«A l’Aquila è tutto fermo»

Gian Antonio Stella e Sergio Rizzo spiegano come vanno le cose nella città a tre anni di distanza dal terremoto che l'ha colpita

Sul Corriere della Sera di oggi, Sergio Rizzo e Gian Antonio Stella spiegano la situazione all’Aquila a quasi tre anni di distanza dal terremoto. Il bilancio per quanto riguarda il centro città è sconfortante, con interi quartieri ancora da risistemare e le macerie che rimangono per strada. È tutto fermo, spiegano, anche a causa del “groviglio di norme, leggi e regolamenti” che complicano le operazioni di recupero.

«Soldi spesi finora? Chi lo sa…». Basta la risposta di Fabrizio Barca, il ministro delegato al problema, a dare il quadro, agghiacciante, di come è messa l’Aquila quasi tre anni dopo il terremoto del 2009. Nel rimpallo di responsabilità ed emergenze, dopo gli squilli di tromba iniziali, s’è perso il conto. Un numero solo è fisso: lo zero. Quartieri storici restaurati: zero. Palazzetti antichi restaurati: zero. Chiese restaurate: zero. Peggio: prima che fossero rimosse le macerie (zero!), è stata rimossa l’Aquila. Dalla coscienza stessa dell’Italia.

È ancora tutto lì, fermo. Le gonne appese alle grucce degli armadi spalancati nelle case sventrate, i libri caduti da scaffali in bilico sul vuoto, le canottiere che, stese ad asciugare su fili rimasti miracolosamente tesi, sventolano su montagne di detriti e incartamenti burocratici. Decine e decine di ordinanze, delibere, disposizioni, puntualizzazioni, rettifiche e precisazioni che ammucchiate l’una sull’altra hanno fatto un groviglio più insensato e abnorme di certe spropositate impalcature di tubi innocenti e snodi e raccordi che a volte, più che un’opera di messa in sicurezza, sembrano l’opera cervellotica di un artista d’avanguardia.

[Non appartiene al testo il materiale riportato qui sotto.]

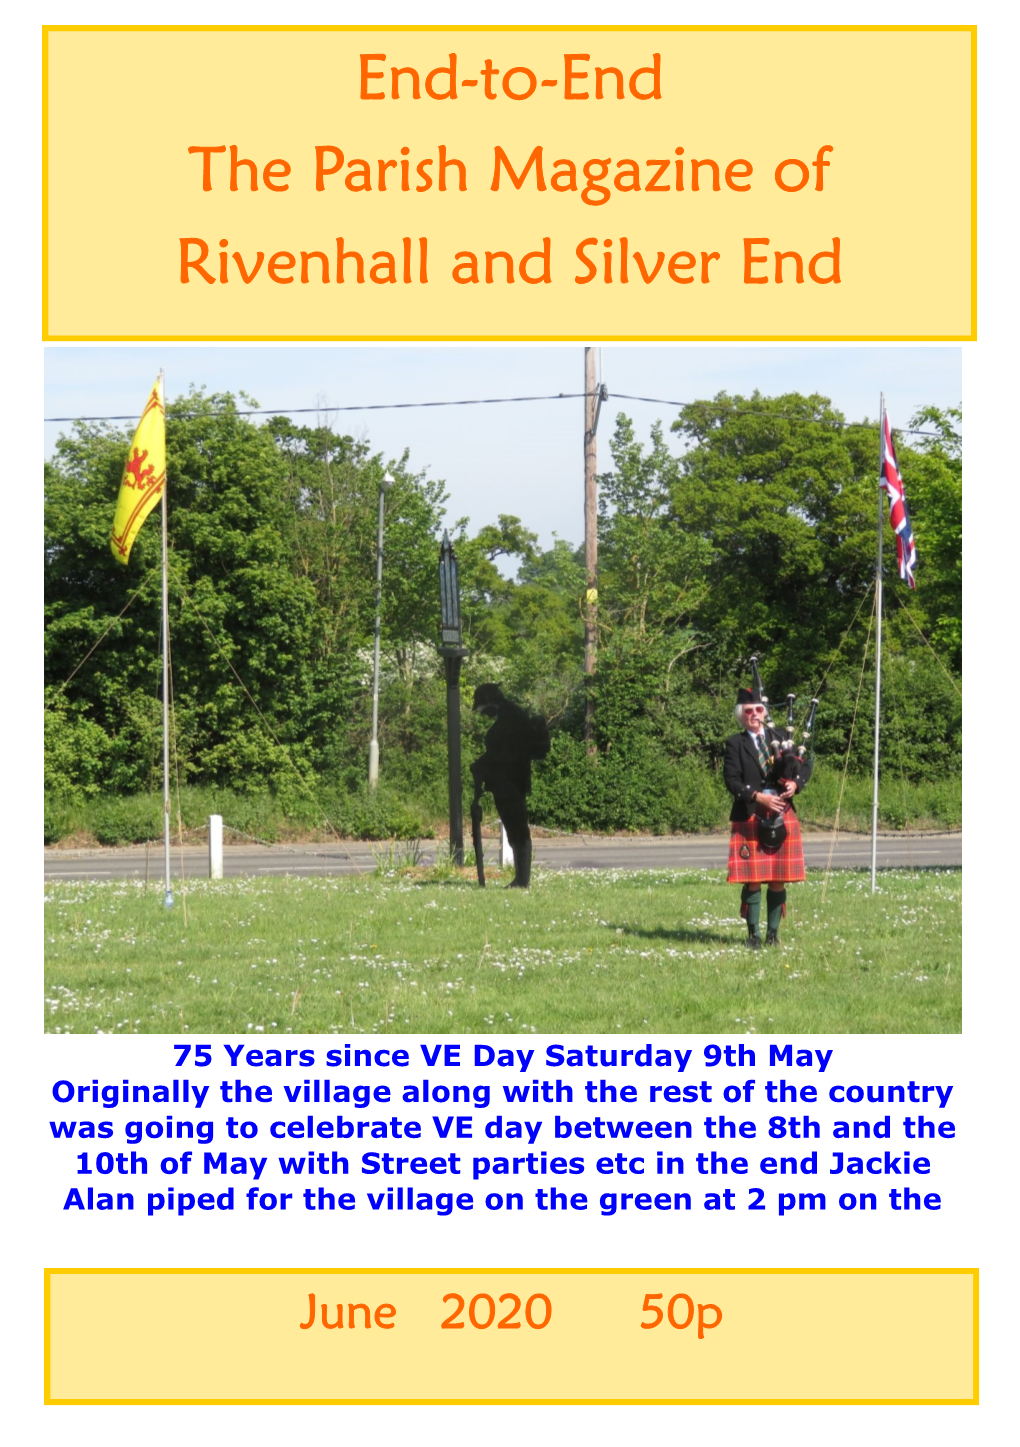 End-To-End the Parish Magazine of Rivenhall and Silver End

Ti avventuri per le strade immaginandoti un frastuono di martelli pneumatici e ruspe e betoniere e bracci di gru che sollevano cataste e carriole che schizzano febbrili su e giù per le tavole inclinate. Zero. O quasi zero. Tutto bloccato. Paralizzato. Morto. Come un anno fa, come due anni fa, come tre anni fa. Come quando la protesta del popolo delle carriole venne asfissiata tra commi, virgole e codicilli.

«Noi sottoscritti ufficiali di Pg… riferiamo di aver proceduto, alle ore 10.20 circa odierne, in corso Federico II, di fronte al cinema Massimo, al sequestro di quanto in oggetto indicato perché utilizzato dal nominato in oggetto per una manifestazione non preavvisata…». Trattavasi di «una carriola in pessimo stato di conservazione con contenitore in ferro di colore blu con legatura in ferro sotto il contenitore e cerchio ruota di colore viola» oltre a «una pala con manico in legno».

Sinceramente: se lo Stato italiano avesse affrontato il problema della ricostruzione con lo stesso zelo impiegato nel reprimere l’esasperazione sacrosanta degli aquilani, saremmo a questo punto, trentacinque mesi dopo? Quaranta persone che quel giorno entrarono nella zona rossa per portare via provocatoriamente le macerie sono ancora indagate. Quanti soldi sono stati spesi per questo procedimento giudiziario surreale, oltre al tempo gettato inutilmente per compilare verbali e riempire i magazzini di grotteschi corpi di reato? Boh!